In the heat of the media hype surrounding the Ebola outbreak it is possible that the Marburg outbreak in Uganda could be forgotten. Marburg is similar to Ebola although generally considered less lethal. On the 28th of September 2014 the first victim in Uganda died generating more than 100 contacts for surveillance. Updates from the region are spotty at best and often contradictory. The following update is based only on information with multiple sources.

  • Five Ugandans are in isolation with no confirmations that Marburg has spread.
  • Up to 149 contacts are being monitored for the virus.
  • The nurse responsible for treating the first patient has tested negative to date.
  • Kenya has placed health officials at key border points to monitor border crossings
  • A possible second outbreak is being investigated and two patients have been isolated
  • It is not clear how the index patients became infected. It is thought that previous outbreaks resulted from contact with Bat guano.
  • On the weekend several tweets indicated that a second Marburg death had occurred. The Ministry has claimed the suspected patient died of “liver failure”.
  • The World Health Organization has confirmed the outbreak and is monitoring the situation.
  • Reports that at least 8 people developed symptoms have been denied by the official Health Ministry.

Uganda has extensive experience in dealing with Marburg. They recently brought an outbreak under control in 2012 as well as on several occasions before that. The virus displays similar symptoms to Ebola with the largest outbreak recorded in Angola during 2004 and 2005 where 252 cases were confirmed.

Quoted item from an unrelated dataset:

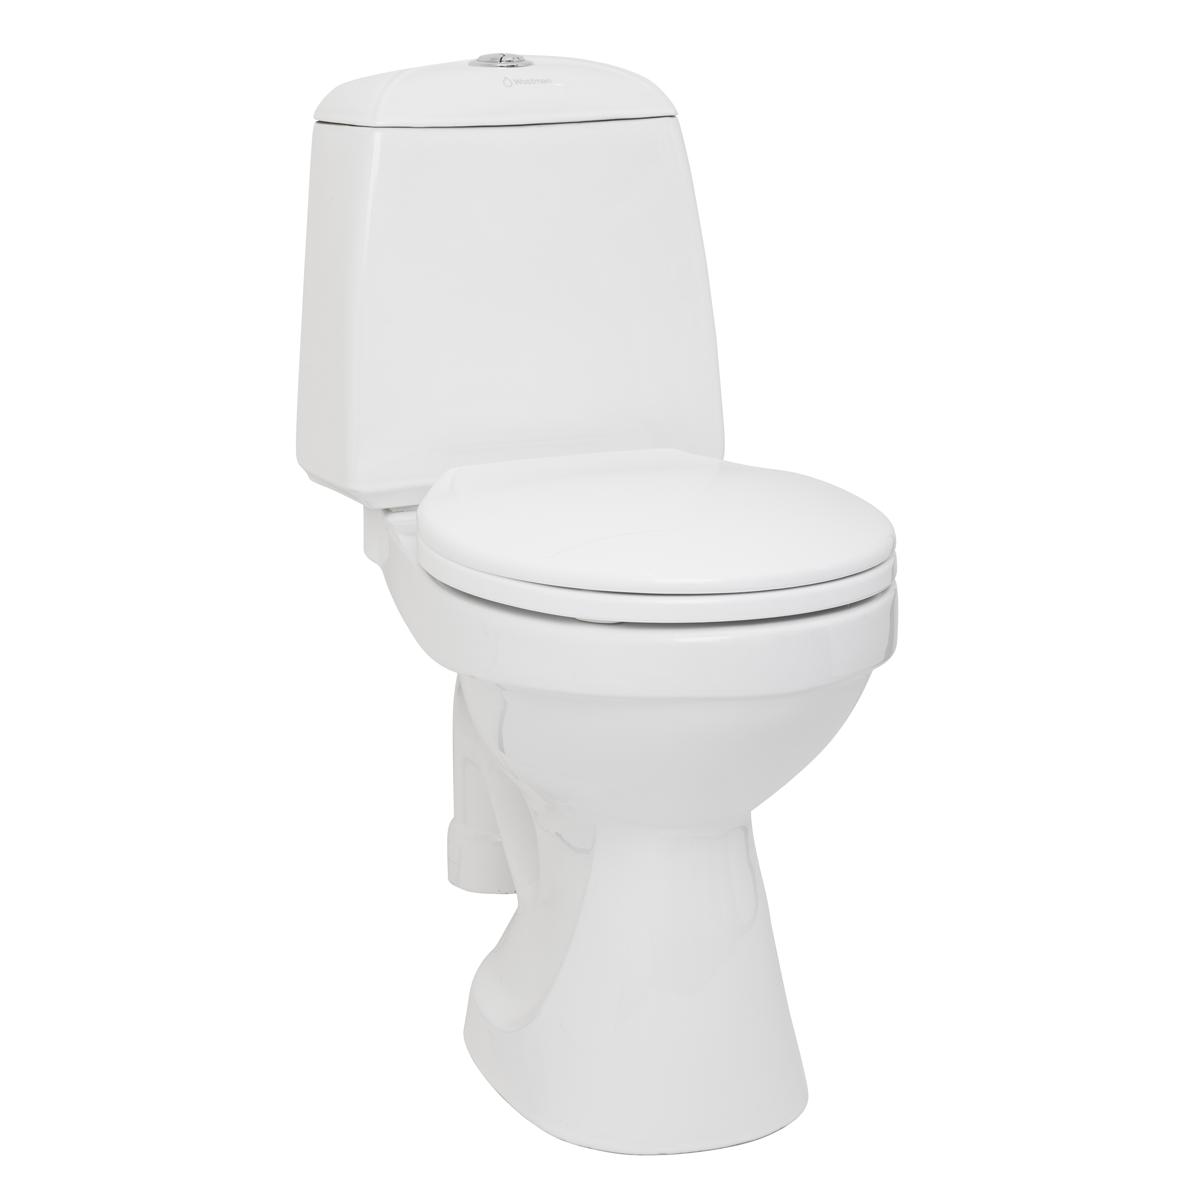 EcoFlush™urine diverting WC - > EcoFlush brochure> EcoFlush manual > EcoFlush user manual
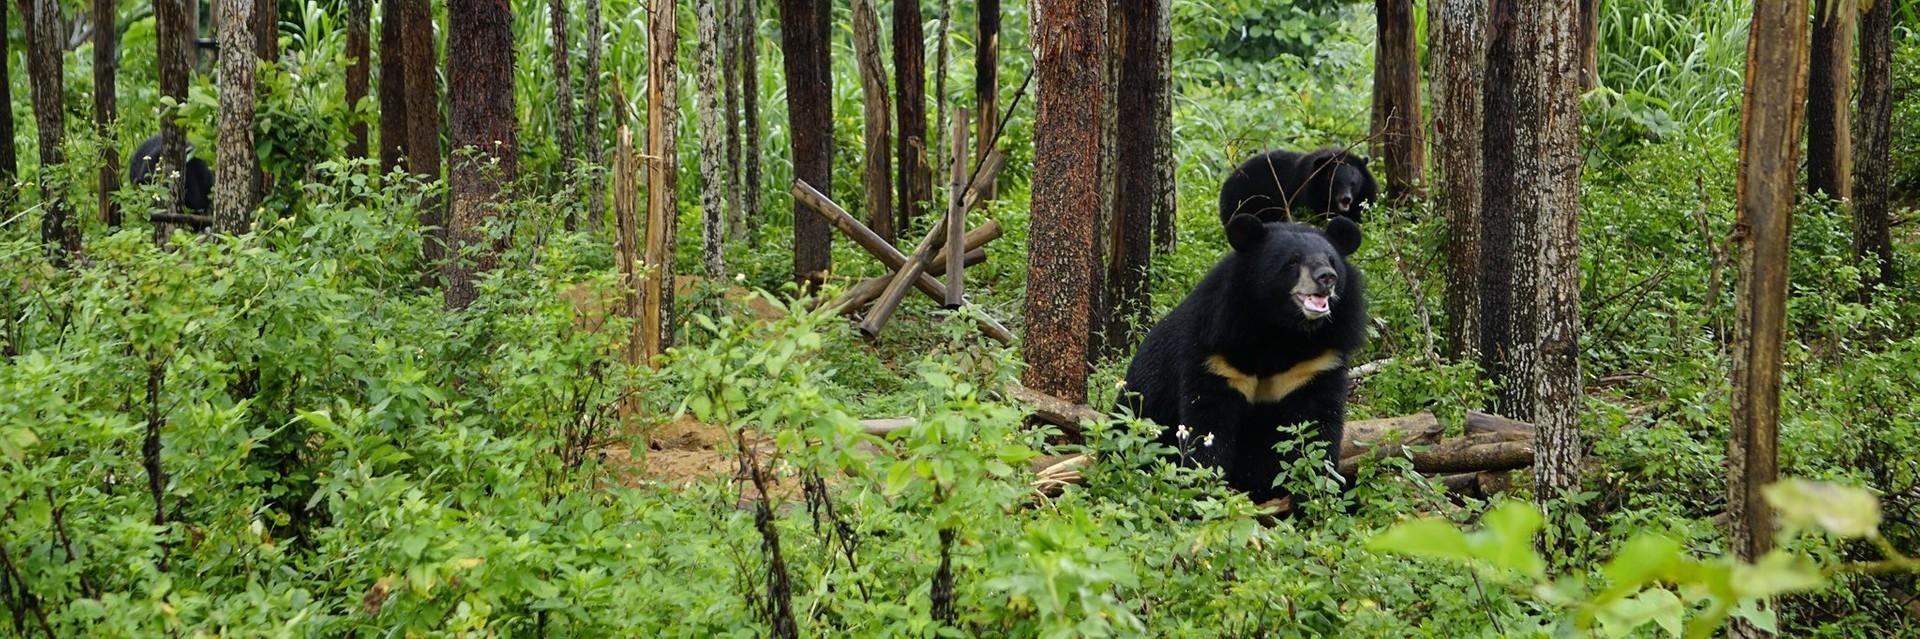 Asiatic black bear in the woods at Ninh Binh

Ebola and Marburg outbreaks have occurred across the region in the past resulting in well established protocols and procedures for dealing with contagious diseases. If no new cases are reported by the 20th of October it is likely that the outbreak will be declared over by mid November 2014.

Uganda – Marburg Outbreak

Marburg is a close relative of the Ebola virus with several similarities including a terrify fatality rate above 80%. State officials in Uganda announced yesterday a confirmed death related to the deadly virus in Kampala marking the first reported case since 2012 when the last outbreak occurred in the region.

The index case is a Health Care worker who developed symptoms last week. Samples sent for testing confirmed that Marburg was responsible. According to the Ugandan government at least 80 contacts have been identified and are being traced. The brother of the first case in 2014 has developed symptoms and has been placed in isolation while awaiting test results. No details are available surrounding the source of the transmission to the index case.

Marburg and Ebola are both Filoviridae and considered to be extremely lethal. The World Health Organization classifies any Filovirus as Bio-Safety Level 4. Marburg like Ebola typically causes viral hemorrhagic fever marked by the onset of headaches and fever before rapidly accelerating toward complete destruction of the host’s cellular system.

A key difference between Marburg and Ebola is the incubation time. Marburg has a typical incubation time of 2 weeks while Ebola has been documented to have an incubation time as long as 3 weeks. Marburg was first observed in 1967 when it infected 31 individuals across then West Germany and former Yugoslavia claiming 7 lives. The former Soviet Union famously experimented with Marburg (MARV) as a potential bio weapon.

The 2014 Ugandan outbreak is the 3rd active outbreak in 2014 attributed to a Filovirus, The Ebola outbreak in West Africa is not related to the outbreak in the Democratic Republic of Congo and therefore counts as separate epidemics.  At present no cause or reason for the increased number of outbreaks is known and can be considered mere coincidence.